The question is, by adding support for the wide world of VST plug-ins, will Reason become as buggy as your average host? We will find out soon, as the Reason 9.5 release is due in late May. Stay tuned.
I welcome your comments on this, as well as about my rant.
I’ll be back with my next column on Saturday, June 3rd.
Hope all goes swimmingly for you. We enjoyed your editorial and agree as to the banality of "one, two" for mic tests. My dad Kenn goes up to the mic at sound checks and says "Hello, mike! How are you?!"
Or before a radio interview (i.e., not on air!) he has been known to recite the limerick used by David Niven as a screen test. If you'll indulge the colourful lingo!
Well, I hope that introduces a little variety...
All the best and rock on!
Astra: Lead Guitarist, Singer-Songwriter.
Actually, I usually sing the Oreos song "Little girls have pretty curls... "
As for DAW compatibility with VSTs ... there's a "Reason" why I chose Studio One years ago. (Pun Intended) Pro Tools was the standard but they want you to sign a contract and offer up your first born child while continuing to fall behind other DAWs in every category.

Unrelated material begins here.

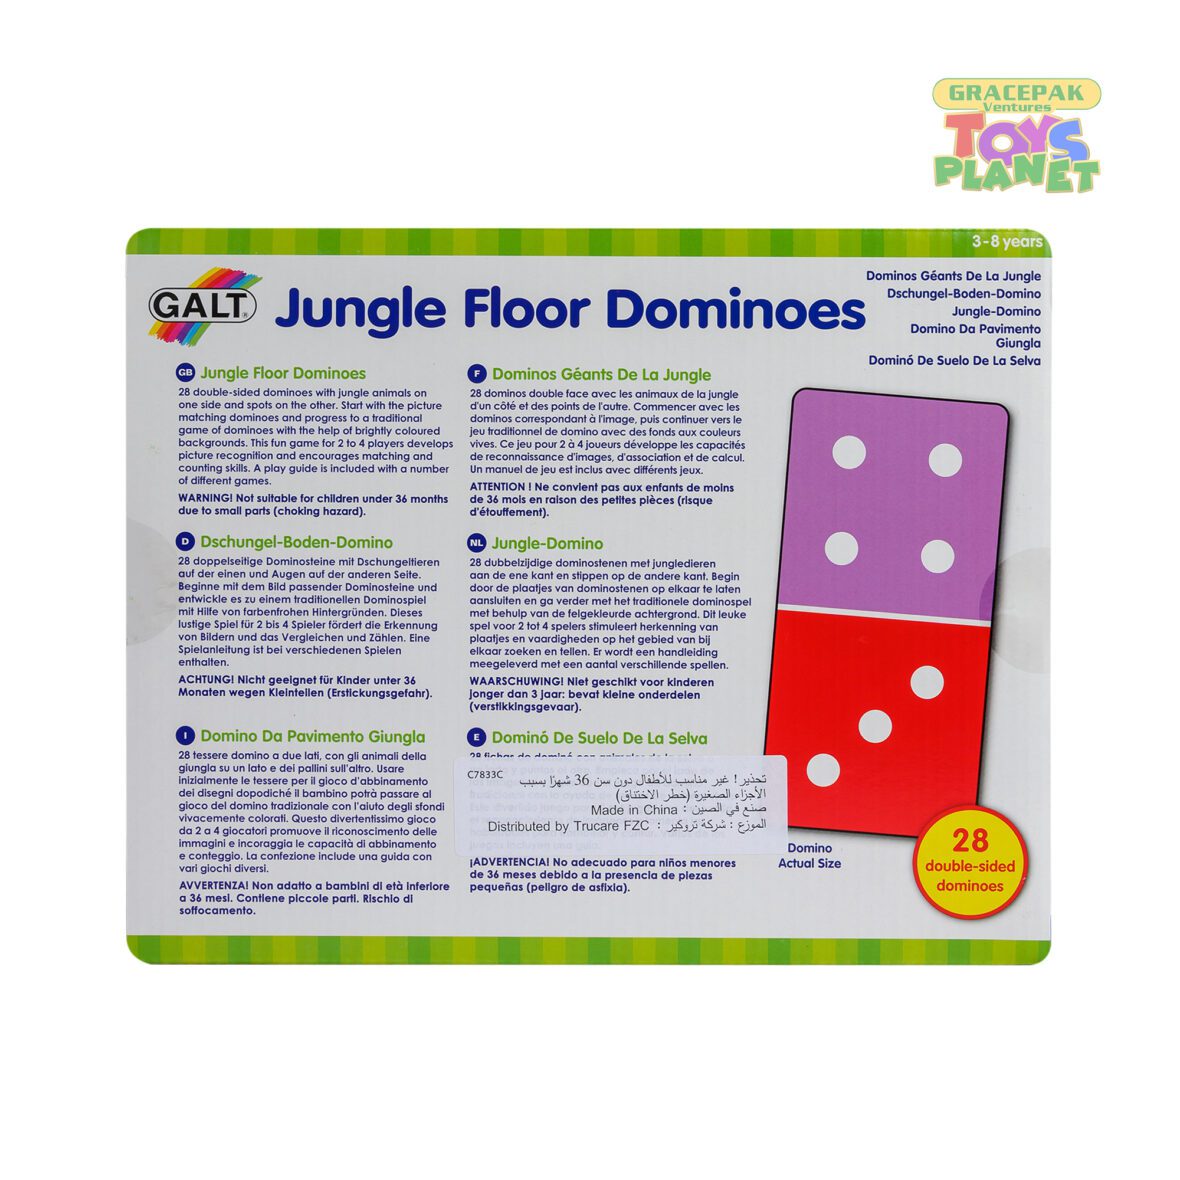 GALT_Jungle Floor Dominoes_2
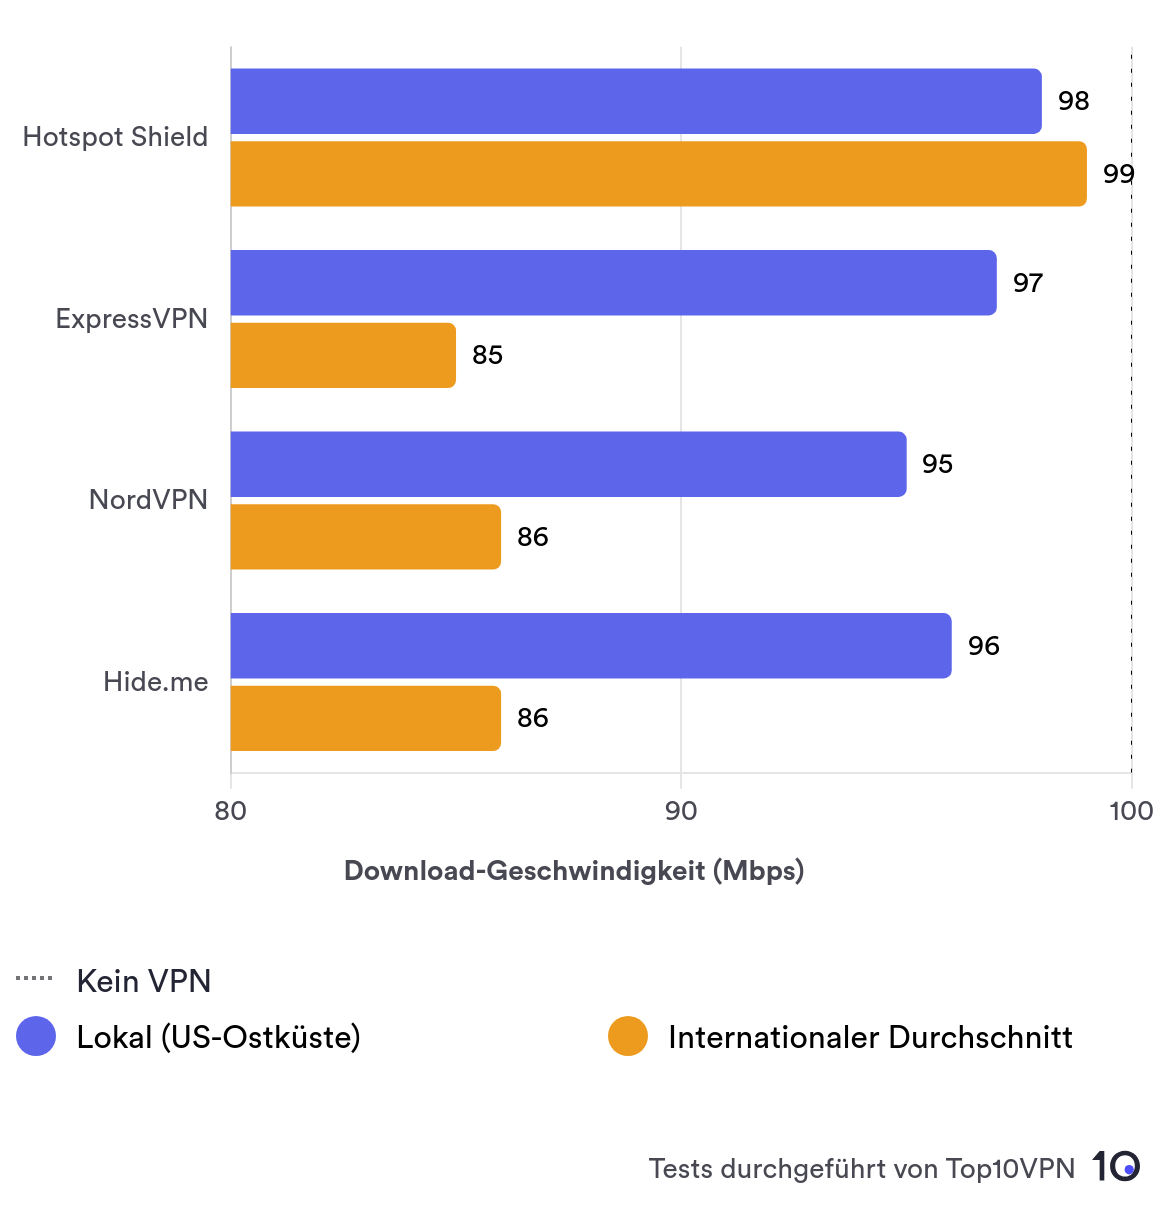 Balkendiagramm zum Vergleich der Geschwindigkeiten von Hotspot Shield im Nah- und Fernverkehr mit anderen Top-VPNs.

Maybe Reason decided to target "smart" customers instead settling for victims who failed to do their research. My old flip phone was much more "stable" than my new smart phone but I never see anyone that uses those anymore. Maybe Samsung and Apple should have just stayed with that technology for the stability.
Maybe Reason could include a feature when you plug your mic in that automatically says "testing one, two" and leaves off the "three".
I may be wrong, but that was what I was taught almost 60 years ago.